B. At the day appointed, &c.] The appointment of the day is left to the election of the persons to be married, provided it be not from Advent Sunday until eight days after the Epiphany; from Septuagesima Sunday until eight days after Easter; from Rogation Sunday until Trinity Sunday: these times being prohibited. By what authority? Not by the Common Prayer, not by the calendar, not by any homily, not by any article, not by any canon of our Church since the Reformation. And therefore if there be any popery, as is pretended by Mr. Prynne, in this restraint, our reformed Church is not to bear the blame. By what law then? By a canon certainly, and of some general council of this nation; for else all manuals, and Lindwood, our famous canonist, would not have agreed so punctually in all the days prefixed. True it is this canon is not, to my reading, extant; but before the Reformation it was undoubtedly. And this is the reason why our prohibition exceeds that of the council of Trent, in the last clause, viz., from Rogation Sunday until Trinity Sunday, that council being confirmed by Pius IV. far up into the state of reformation. But were not former : canons all made null upon our Reformation? No, in the statute 25 Hen. VIII. chap. 19, it is expressly provided, “that such canons as were made before that act, which be not contrariant, nor repugnant to the king’s prerogative, the laws, statutes, and customs of the realm, should be still used and executed, as they were before the making of the acti.”
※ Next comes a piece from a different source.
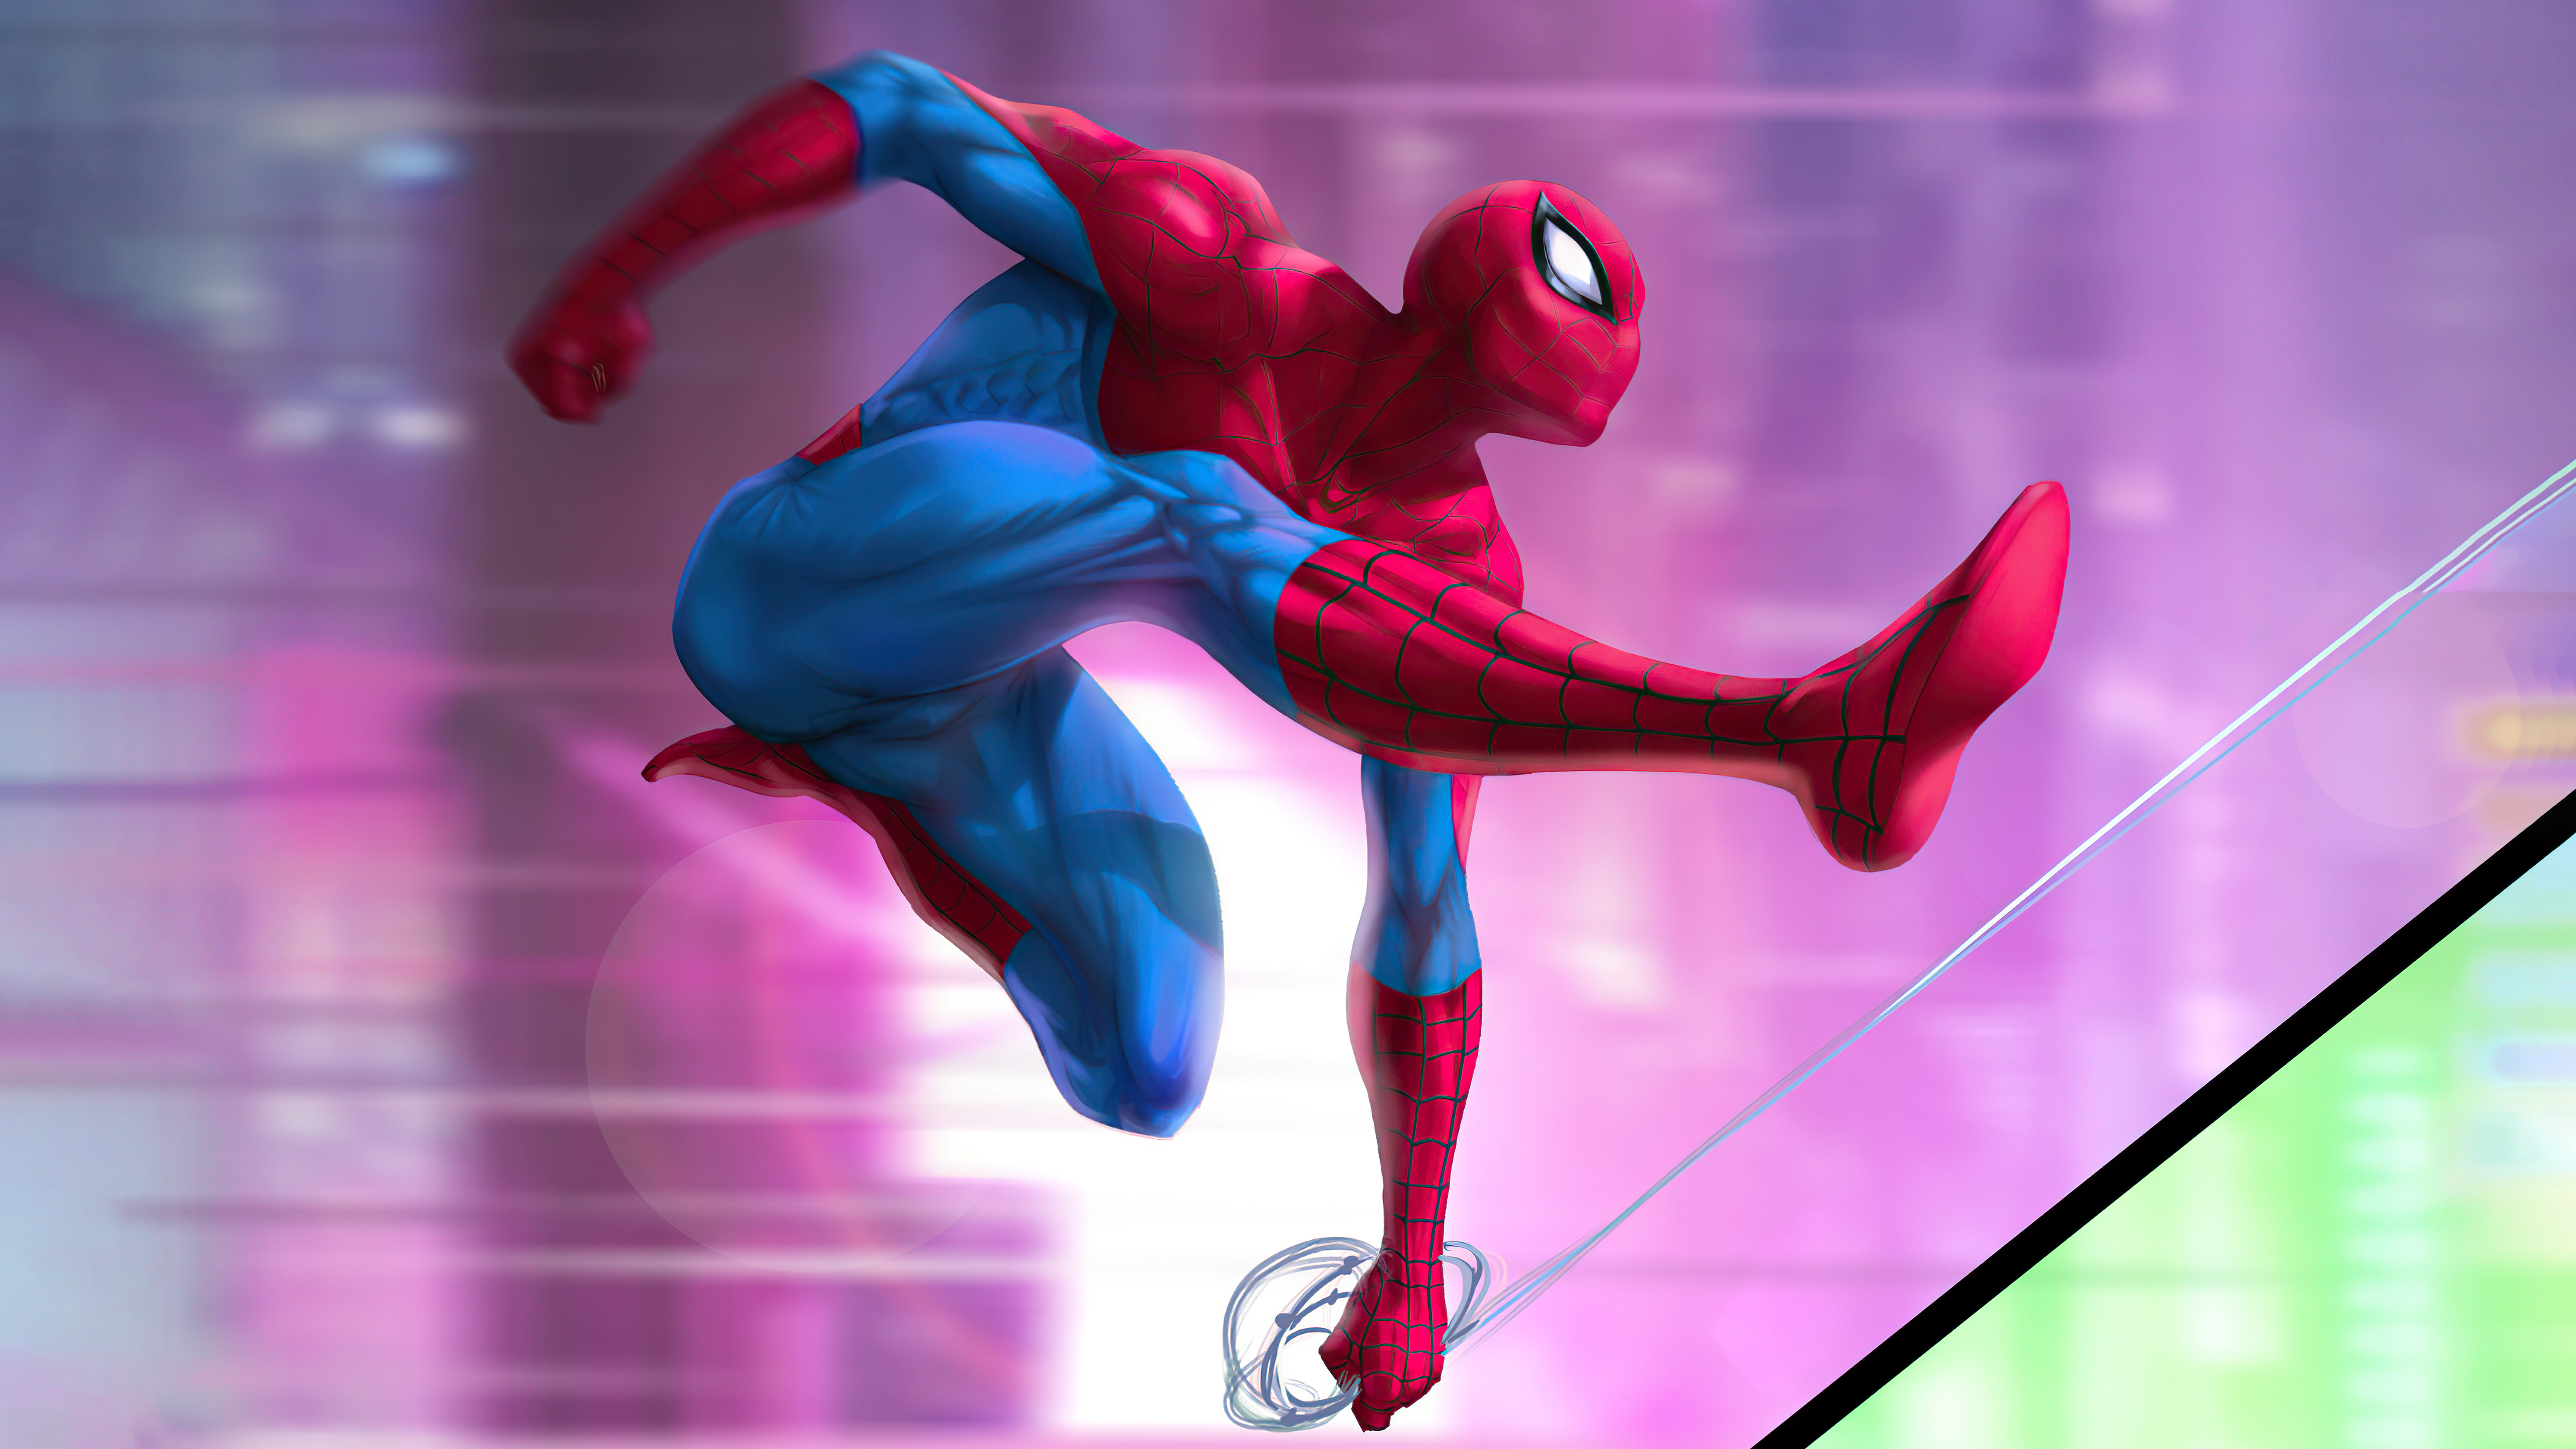 Wallpaper Spider Man jumping Digital Illustration

Now of these canons, this I take it was one; but whereas it is charged with popery, I confess I apprehend not where that popery is resident. Is it as the restraint relates to times of solemn humiliation? Then the fathers of the council of Laodicea, a council to which popery is post-dated above three hundred years, stands guilty of popery as well as we, for that council interdicted marriages for the whole time of Lent, as hath been shewed before. Nay more, the Directory itself is guilty of popery too, for this excepts from this ordinance days of public humiliation. Is it as it relates to festivals? Mr. Prynne indeed saith!, “marriage is a festival and joyful thing, and so most seasonable and suitable for festival and joyful times and seasons.” But the Directory ‘says nay, and therefore interdicts the celebration of it upon all holy-days of the year, in these words; “And we advise that marriage be not solemnized on the Lord’s day;” and the Lord’s day is the only festival enjoined by that Directory. The result of all is this, that the assembly of divines are, in Mr. Prynne’s judgment, as guilty of popery in these particulars as Dr. Cozens.
C. Shall come into the body of the church, &c.] The former mode was this; the couple who were to enter that holy state were placed at the church door, where the priest did both join their hands, and despatch the greatest part of the matrimonial office. There, by the ancient law of this land, the husband, or his parents, were to endow the woman, his intended wife, with the portion of land precontracted for, provided it exceeded not a third of his estate, which was therefore called, dos ad ostium ecclesia, “ dower assigned at the church door.” And though this usage was laid aside long before the Reformation, yet did the rubric relating to it remain long after in some churches of this kingdom; for in the manual after the usage of York, after these words, “with this ring I wed thee, and with this gold and silver I honour thee, and with this gift I honour thee;” presently is subjoined, “the priest shall ask the dowry of the woman.” But this custom expiring so long ago, our Reformers discreetly ordered this whole office to be performed within the church, where the fuller congregation might afford more numerous witnesses of the fact.
The preface, or general exhortation. TO prevent the vain and loose mirth which is too frequent at these solemnities, the office is begun with a grave and awful preface, which represents the action we are about, to be of so divine an original, of so high a nature, and of such infinite concernment to all mankind, that they are not only vain and imprudent, but even void of shame, who will not lay aside their levity, and be composed upon so serious and solemn an occasion. And to prevent any misfortune which the two parties might rashly or perhaps inconsiderately run into by means of their marriage, the Minister charges the congregation, If they know any just cause why they may not he lawfully joined together, that they do now declare it, before this holy bond be tied, since afterwards their discovering of it will tend perhaps more to the prejudice than to the relief of the parties.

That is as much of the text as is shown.